У него распухшие веки, покрасневшие глаза… Сможет ли он чего-нибудь добиться? Работает он отчаянно, даже ночами, он медлителен, усерден и желчен. Возмущается сослуживцами, которые проводят полдня в болтовне или за кофепитием. Возмущается собственной пуританской семьей, воспитавшей его застенчивым и беспомощным, своим буржуазным происхождением – этим пожизненным клеймом, сиди хоть все ночи напролет, все равно не выдвинешься.

– Отчего же именно мне ее брать? По-моему, надо просто оставить ее в покое, – не унимается его дуреха сестра. Сколько он себя помнит, она всегда выводила его из терпения.

Андрей повернулся к ней спиной, распаковывает свертки, сверточки, вынимает термос.

– Вот, тут Нелли на пару приготовила.

Он показывает сестре фрикадельки – надо переменить тему. Есть же на свете люди, с которыми, как ни старайся, все равно не договоришься.

Воздух в реанимации спертый, тяжкий. А мать лежит такая прекрасная: это прозрачно-белое лицо, тонкие руки, темные мечтательные глаза – куда подевалась крепкая, энергичная, властная женщина?

– Значит, ты стоишь на своем, – для порядка подытоживает Андрей, освобождая термос из бумаг и пакетов.

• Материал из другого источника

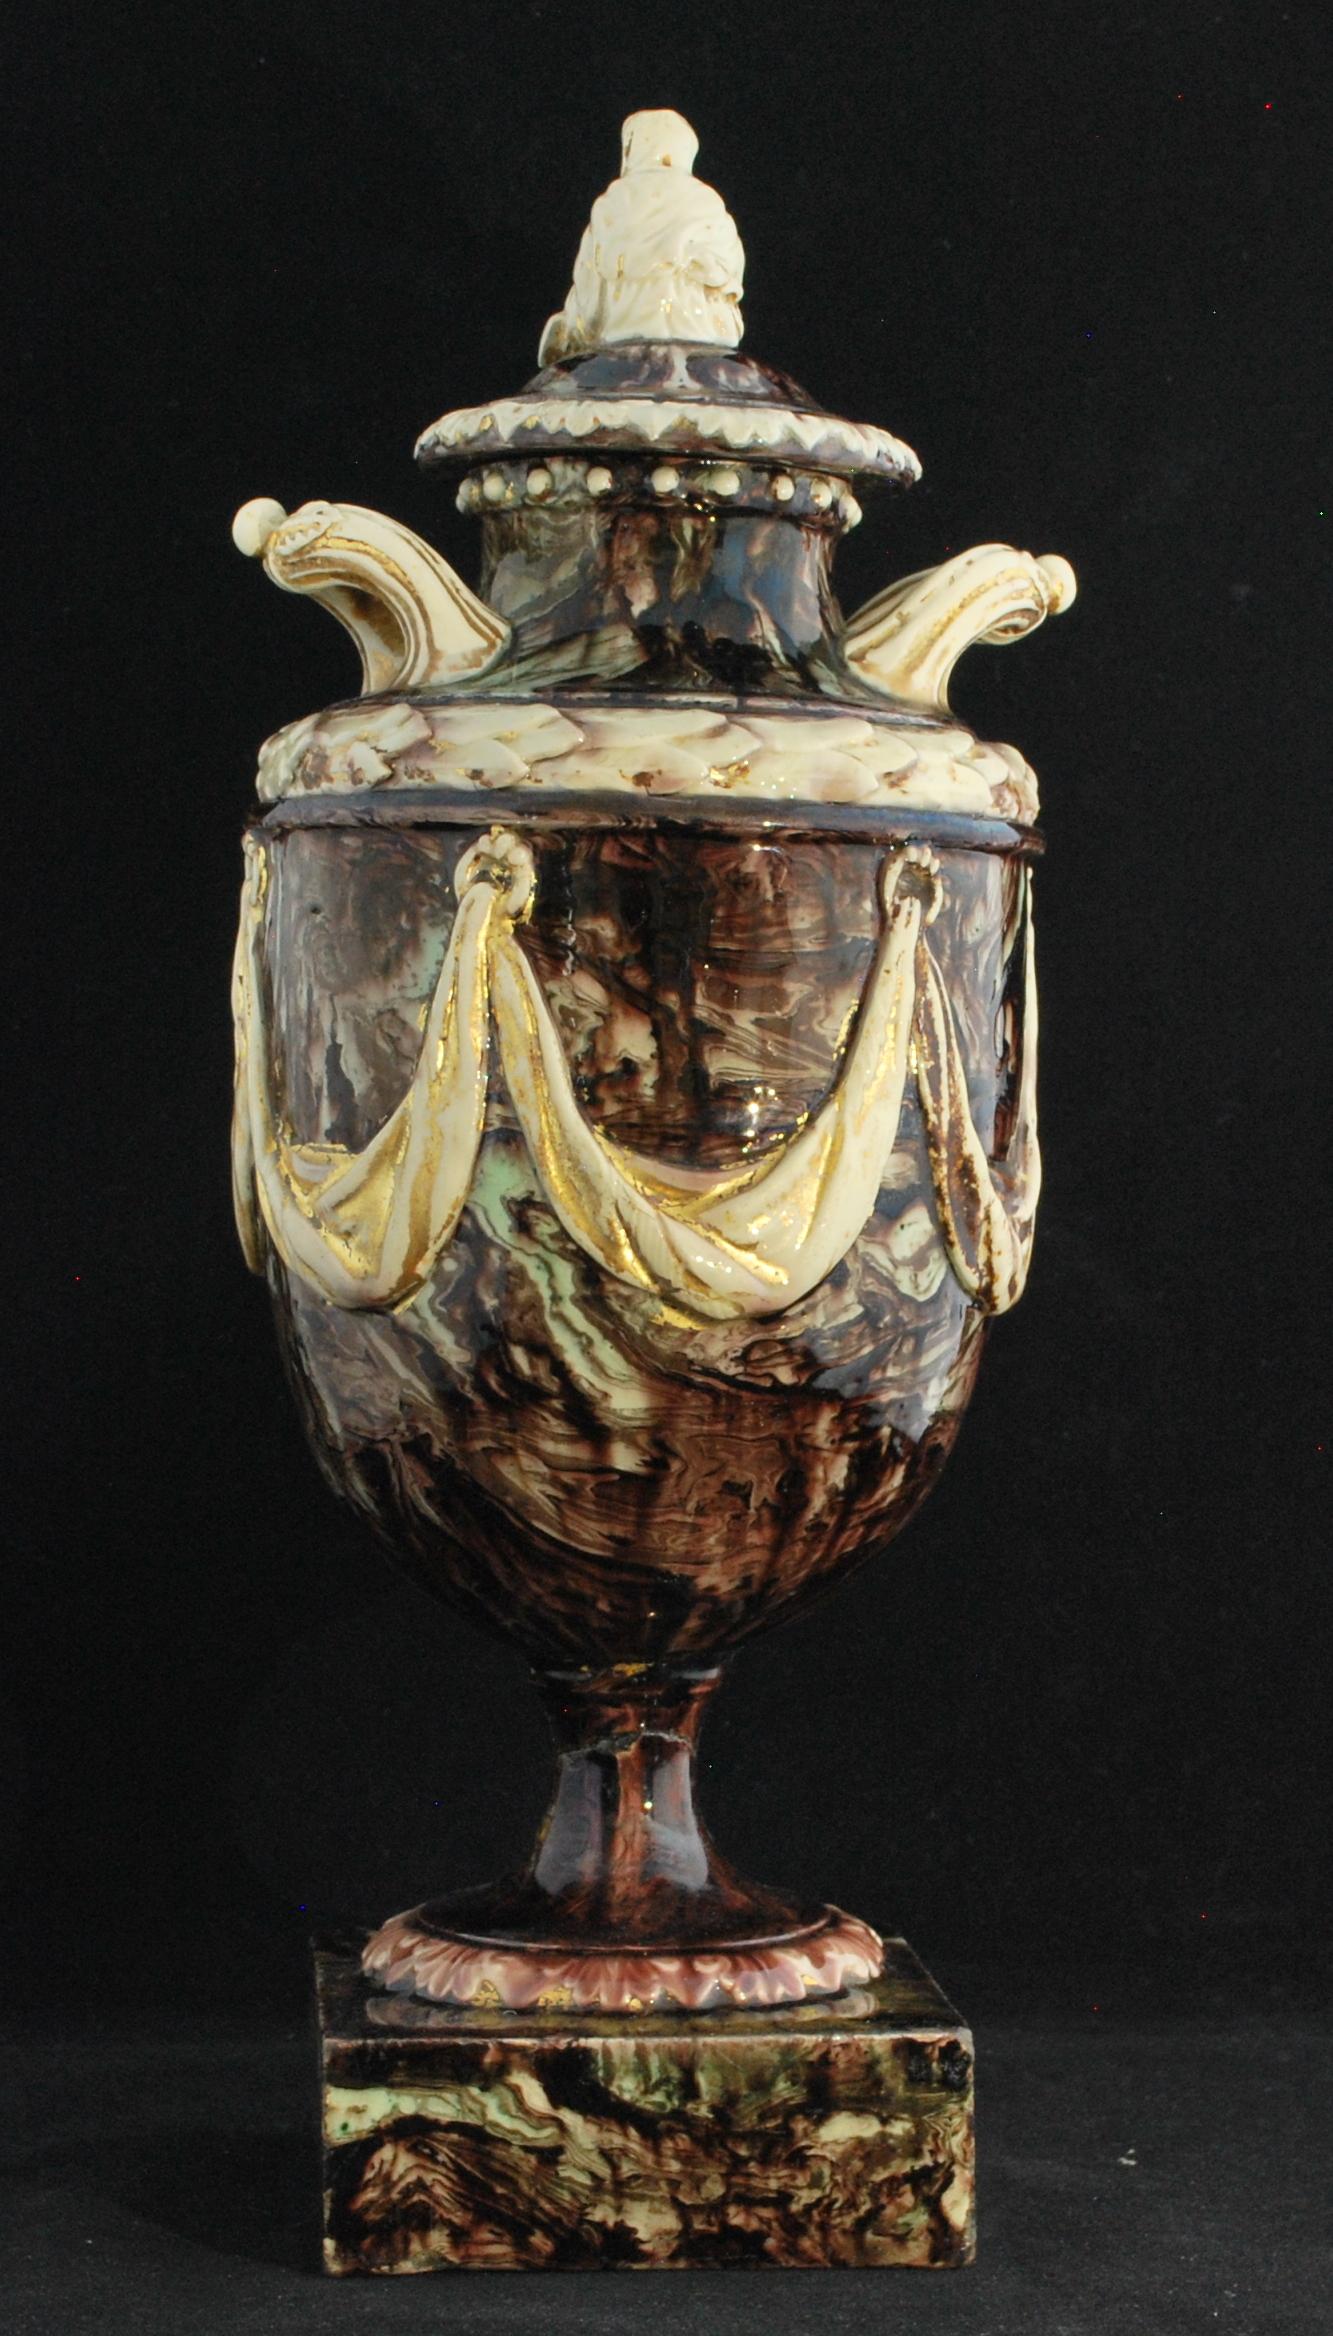 Neoclassical Agateware Vase, Attributed to Steitz, circa 1775

С самого детства руки у него были золотые, все-то он умел делать, только дай ему срок – что угодно починит. Ему бы только время, он во всем разберется, он и ночами работает, по 4–5 часов спит, а ведь как посмотришь вокруг – мало кто в свое дело так душу вкладывает. Посмотришь вокруг – диву даешься, как это все не провалилось в тартарары…

– Завтра придешь?

Романица вышла его проводить. Постепенно запах реанимации – запах мыла, спирта, запах испражнений – отступает. В этот час коридоры пусты. В ординаторской нянечка – та, у которой расширение вен на ногах, – старательно гладит белье, принесенное из дому. Высокий, нескладный Андрей подходит к ней на цыпочках и всовывает бумажку в десять леев в оттопыренный карман передника. Сегодня субботний вечер – слышится музыкальная заставка к сериалу «Богач, бедняк»; ассистенты спускаются к телевизору.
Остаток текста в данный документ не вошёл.